I lapidari

 
a cura del prof. Odino Grubessi, Roma

 

La storia della mineralogia nasce con l’uomo, ma sono state le pietre particolari e le gemme, come il lapislazzuli, che hanno fatto la storia della mineralogia. 

Fede, magia, scienza; terapia mistica, terapia magica, terapia fisica; fiducia in potenze extra naturali e fiducia nell’azione della materia, tutto si ritrova mescolato in intimo modo nella vita che le pietre, i minerali e le gemme, ebbero nella mentalità dei nostri predecessori. 

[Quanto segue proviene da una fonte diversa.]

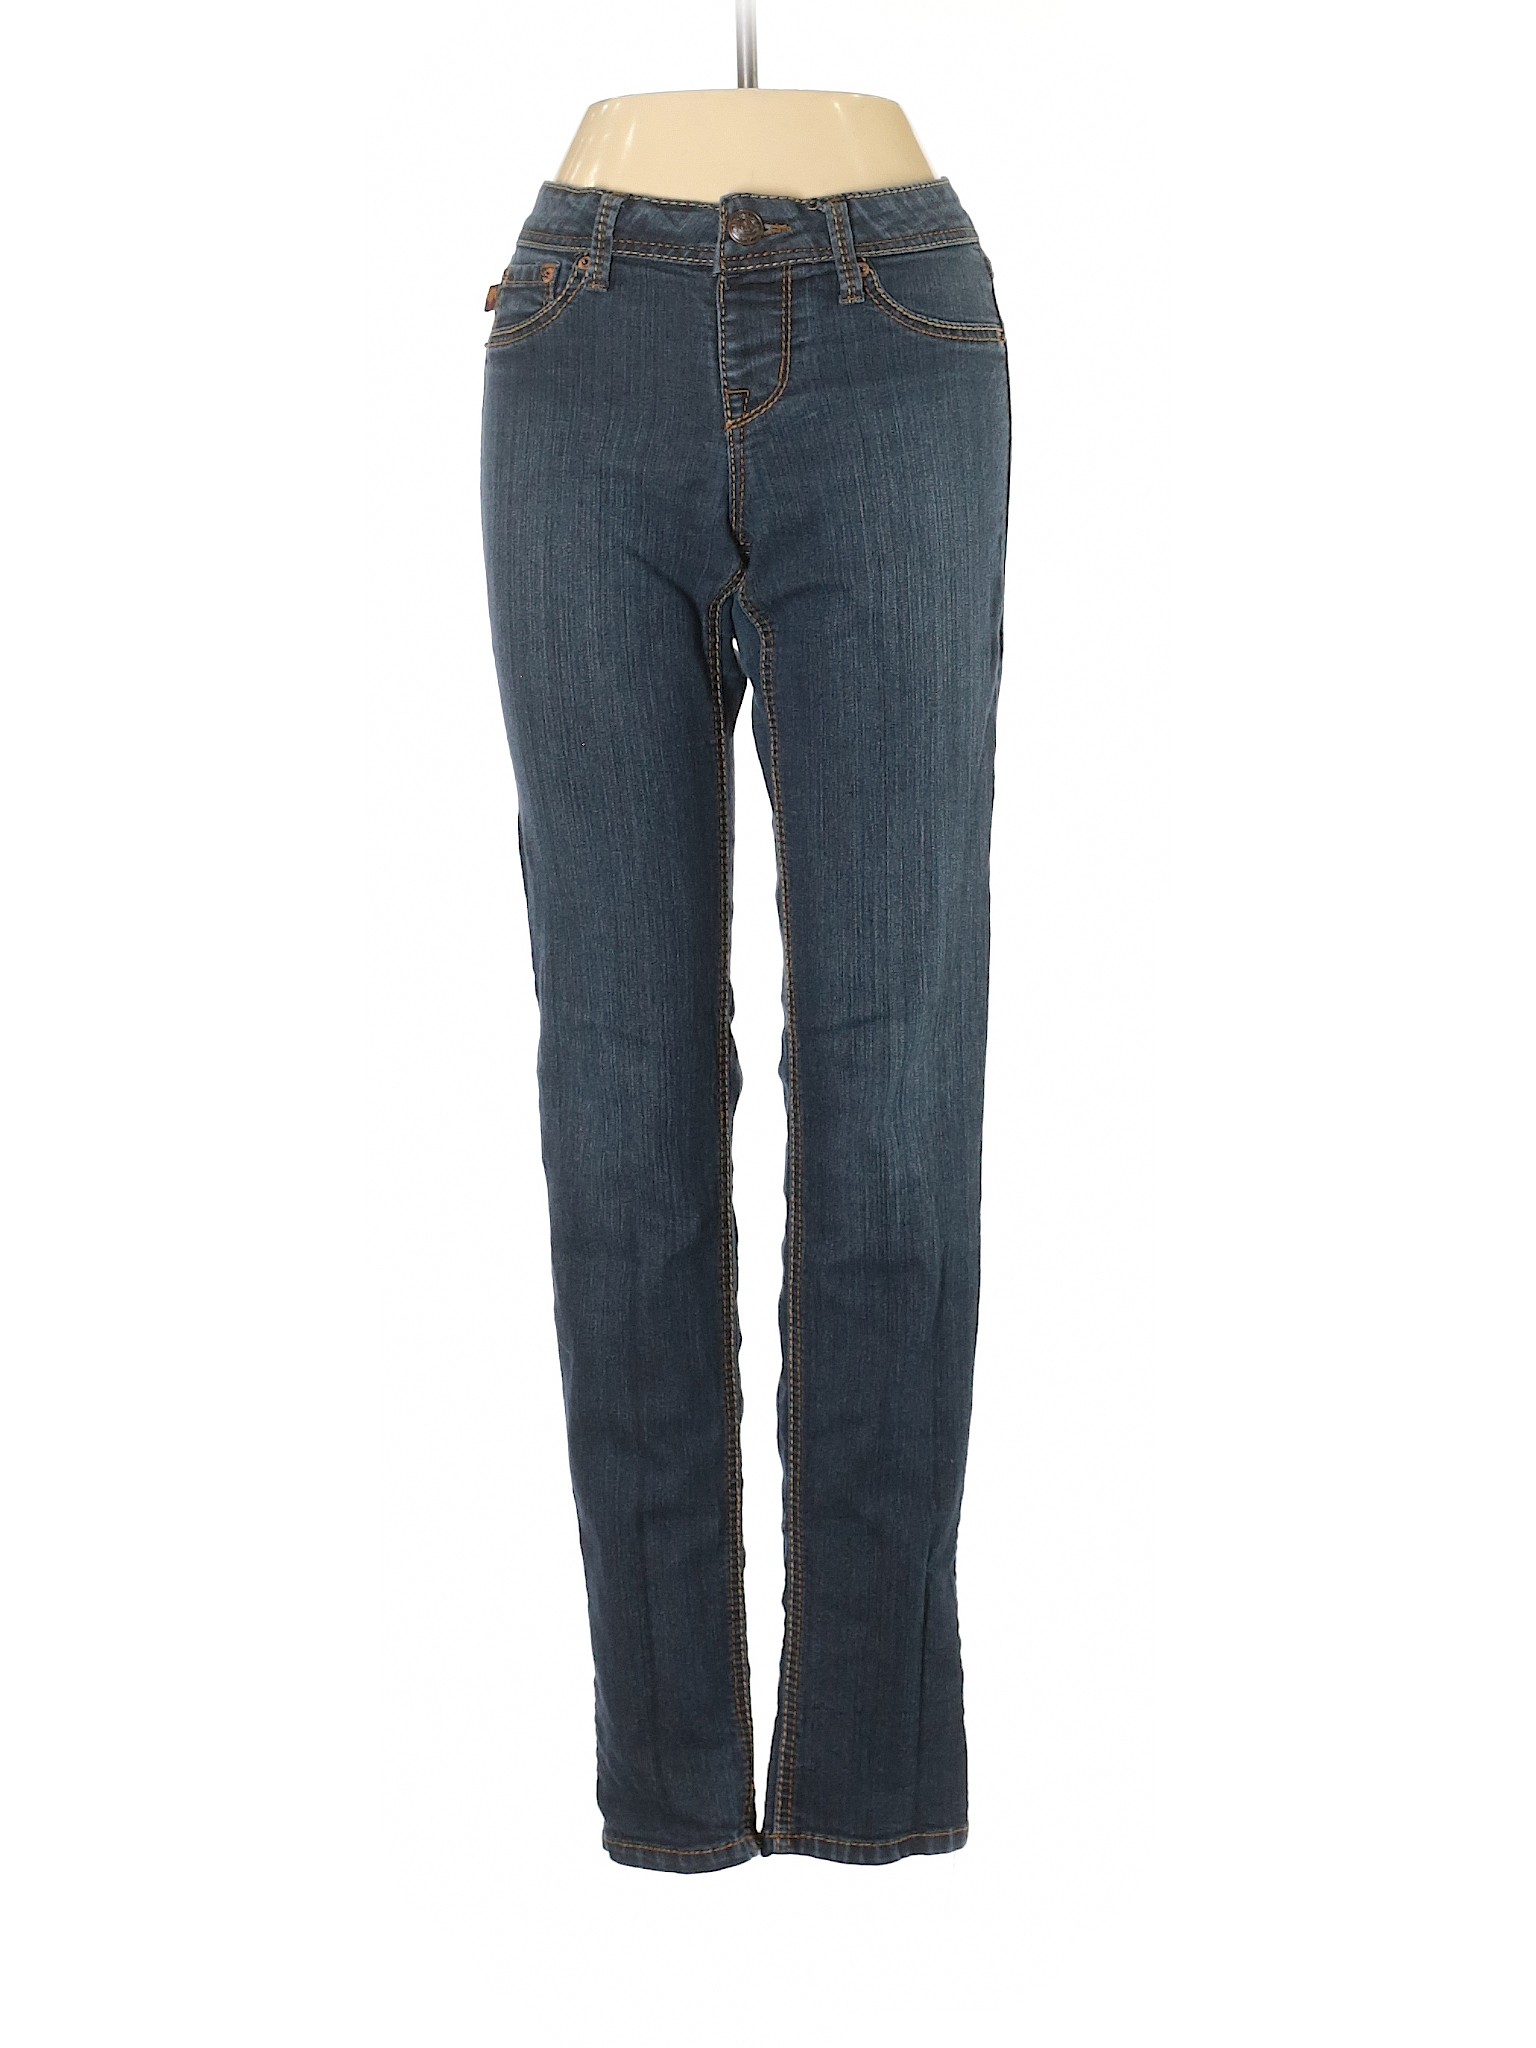 Domaine Brand Jeans Women Blue Jeans S | eBay

Vita lunga e gloriosa che resse, non meno della scienza moderna, le menti del passato in una sicurezza cui ha molto da invidiare la nostra epoca che, pur conoscendo meglio la materia, ha molte ragioni in più per mettere sulle asserzioni che va facendo un punto interrogativo. 


Il Lapislazzuli. 


Questo minerale o “gemma” di colore blu azzurro, permeata di significati magici e sacrali, fu molto apprezzata e ricercata sin dal periodo neolitico. Da Mehrgarh in Pakistan, nella valle dell’Indo, provengono vaghi di lapislazzuli associati a turchese, rinvenuti in contesti databili a circa 7000 anni a.C. 
In Iran, presso Tell-i-Bakun, circa 4500 anni a.C. l’industria gemmaria locale tagliava il lapislazzuli in vaghi poliedrici cubici a spigoli smussati. 
In Mesopotamia a Tepe Gawra, centro della cultura Ubaid, il lapislazzuli faceva la sua comparsa, insieme a turchese, ametista e berillo, nel 4500 a.C. sotto forma di vaghi lavorati sul posto. 


La culla della mineralogia. 

Se è vero che la razza umana ebbe la culla in oriente anche la storia delle gemme nacque in oriente, ma è anche vero che l’Oriente fornì pietre preziose all’umanità in misura assai maggiore dell’Occidente. 
E' naturale quindi che i popoli di quelle regioni (Cina ed India in particolare) siano stati i primi maestri nell’insegnare agli altri il valore di quei corpi preziosi e i primi ideatori delle loro virtù magiche e terapeutiche. 


La Cina. 

In Cina le virtù magiche delle gemme misero profonde radici e, malgrado i divieti religiosi, tutto ciò che parlava di poteri arcani attecchì meglio che altrove. 
Queste nozioni misteriose si tramandarono per lo più nella tradizione orale, dato che la religione di Confucio ha sempre cercato di allontanare, almeno ufficialmente, ogni opera di questo genere. 


La Giada.
 

Il materiale su cui abbiamo più notizie è la “giada”. Le “giade” in Estremo oriente ed in Cina in particolare, furono sempre i minerali più apprezzati in quanto carichi di significati simbolici e di autentica “energia” cosmica. La sacralità delle “giade” fu tale da conferire loro sovranità e potenza magica, poteri medicamentosi e taumaturgici; nutrimento dello spirito e capaci di assicurare l’immortalità. Il materiale usato dai cinesi era la “giada” nefrite nelle varie gamme cromatiche che si estendono dal bianco candido al giallognolo, al grigio scuro, all’avana, fino al giallo verdastro ed al verde intenso scuro. 
I maggiori e più importanti giacimenti di nefrite del mondo antico erano situati nel Turkestan orientale cinese (Sinkiang), tra le valli di Yarkand e Khotan, lungo i contrafforti settentrionali della catena del Kuen-Lun. Sin dal Neolitico, i giacimenti alluvionali del Sinkiang fornivano ciottoli lavorabili per la produzione artistica cinese. 
Alla ricerca, circondata da una particolare atmosfera di sacralità, erano adibite soltanto le donne. Ornamenti di giada della cultura Songze (4000-3000 a.C.) sono conservati a Pechino nel museo della storia cinese. 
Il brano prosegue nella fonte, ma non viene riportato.